Fringe Box



Surrey Fire and Rescue Service Urges Us All To Be ‘Wildfire Aware’

Published on: 22 Apr, 2024
Updated on: 24 Apr, 2024

“Wildfires,” such as this one at Thursley in 2020, “are a threat to homes, businesses, and precious habitats…” Photo Surrey Fire & Rescue

Surrey Fire and Rescue Service are urging residents across the county to be “Wildfire Aware” this season, after fires almost doubled between 2022-2023.

As part of its wildfire prevention campaign this year, the service is encouraging everyone to take steps in preventing wildfires to protect homes, businesses and habitats, by binning BBQS and taking litter home.

Between 2022-2023, the service dealt with 553 wildfires in Surrey and their appliances spent over 13,000 hours attending wildfire incidents in the last year alone.

Wetter winters and drier summers mean they’re becoming more of a risk. They are common in places like Surrey because of large parts of heathland near urban areas.

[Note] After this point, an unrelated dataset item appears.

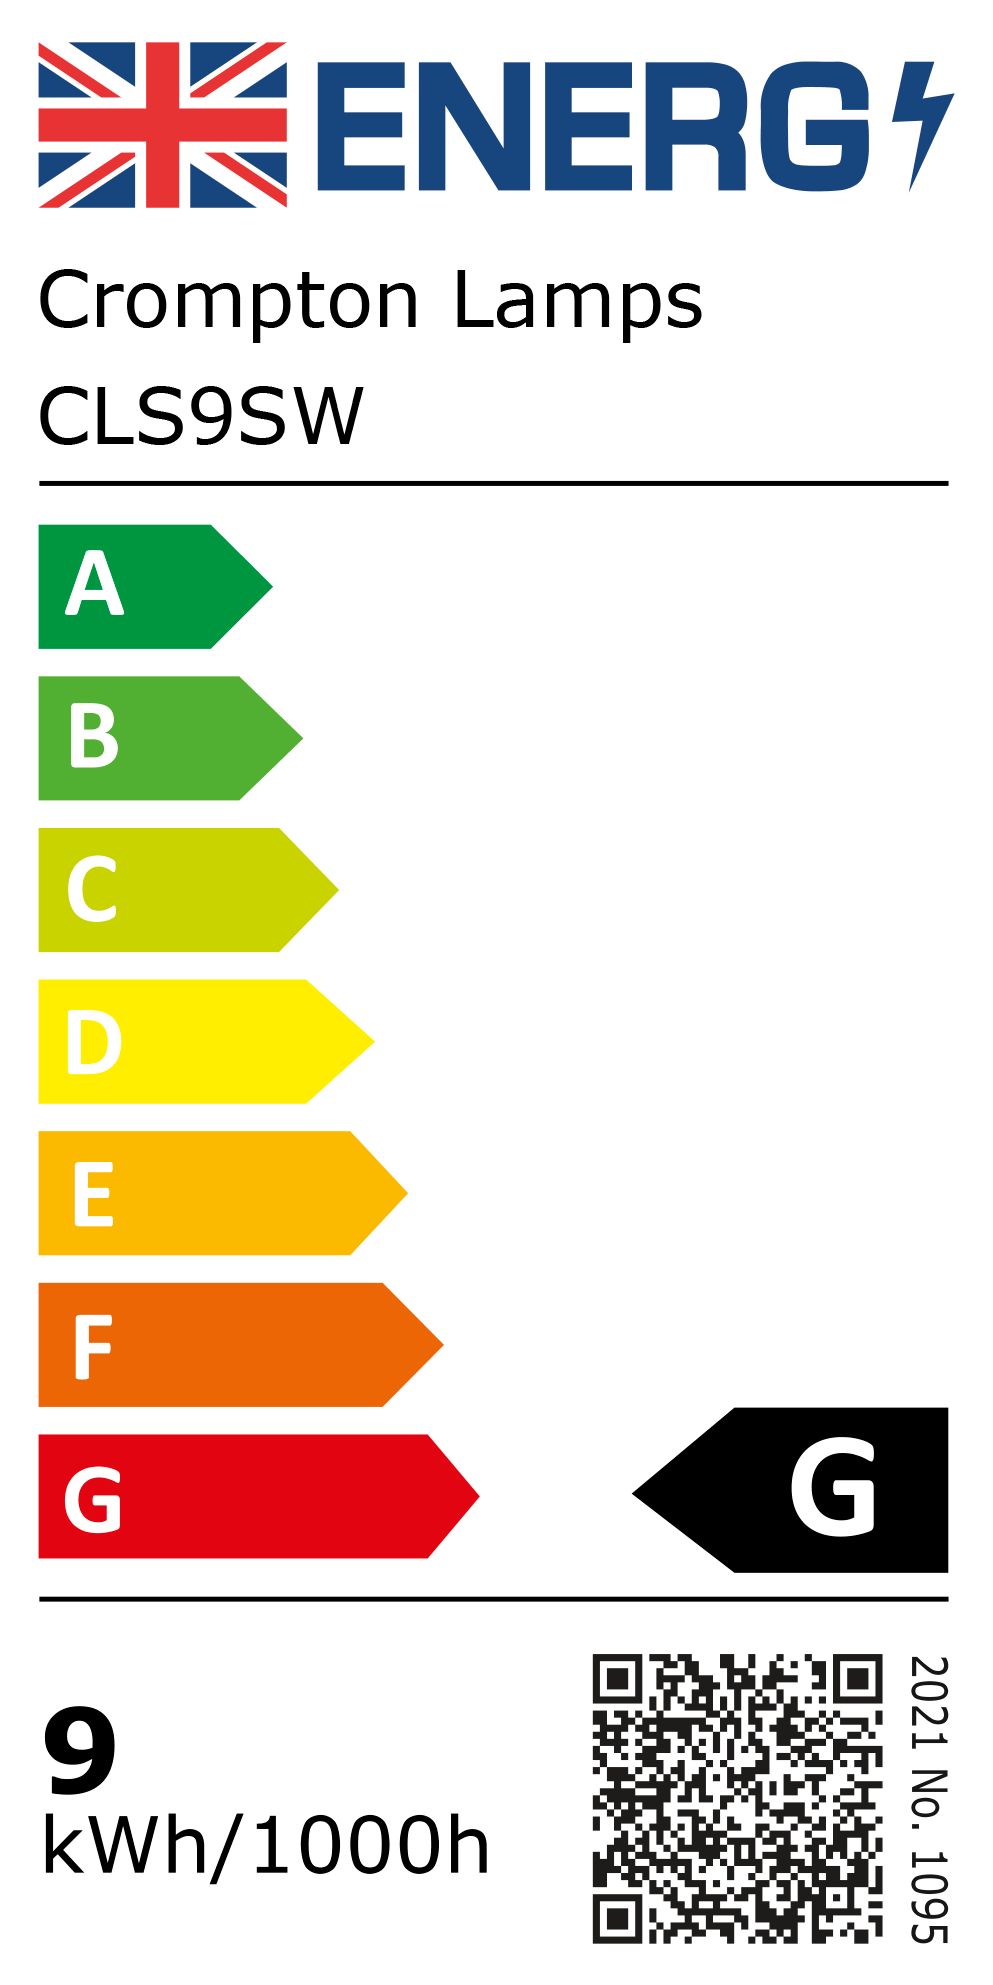 New 2021 Energy Rating Label: MPN CLS9SW

This aerial shot shows how wildfires can spread damaging sensitive habitats. Photo Surrey Fire & Rescue

The Fire and Rescue Service’s wildfire awareness and prevention work is a collaborative effort between different teams and partners. In preparation for the season and to help prevent and tackle these types of fires, teams have taken part in extra training to refresh and enhance wildfire capabilities and expertise, as well as introducing five new state-of-the-art drones into the service.

Crews were recently joined by 100 residents during their “Wildfire Awareness Week” activities in April with partners, with more events planned this summer to raise awareness.

SFRS use drones to monitor wildfires and help plan their firefighting.

Rural Affairs Officer, Marli Holland said: “Wildfires are a threat to homes, businesses, and precious habitats, and it takes years for the land to recover. As part of our work to prevent and tackle wildfires, we’ve been spreading the word with partners, and encouraging everyone in our communities to take steps to reduce the risk of wildfires.

“Wildfires are easy to start, and spread very quickly, often through BBQs not being extinguished properly, litter left on commons or heaths, or cigarettes being thrown out of cars or left on the ground.”

Fire Investigation Officer, Matt Oakley explained why heavy winter rainfall can risk more wildfires when summer arrives: “The vast amount of winter rain we’ve had provides moistures for perfect spring growing conditions. This means when a period of warm spring weather arrives we will have an abundance of vegetation which acts as fuel for wildfires.

“It’s very much an issue that’s here to stay, and we can assure residents we’re fully equipped and prepared to deal with these types of incidents very effectively.”

To have a safe summer and enjoy Surrey’s beauty spots, here is Surrey Fire and Rescue Services’ advice to help prevent wildfires:

  • Avoid having camping stoves or open fires in the countryside. They can quickly spread and get out of control. Switch your BBQ to a picnic.
  • Dispose of smoking materials properly. Throwing cigarette ends on the ground or out of a car window can start a wildfire.
  • Put your rubbish in the bin or take it home with you. Bottles and glass can start wildfire as they magnify the sun.
  • Be prepared at home by cutting down or clearing areas of high fuel close to your home (vegetation, bushes or piles of leaves). Be aware that dense areas of vegetation, hedges, timber fences or sheds, and dry undergrowth will allow a fire to spread from an open space to your home or business.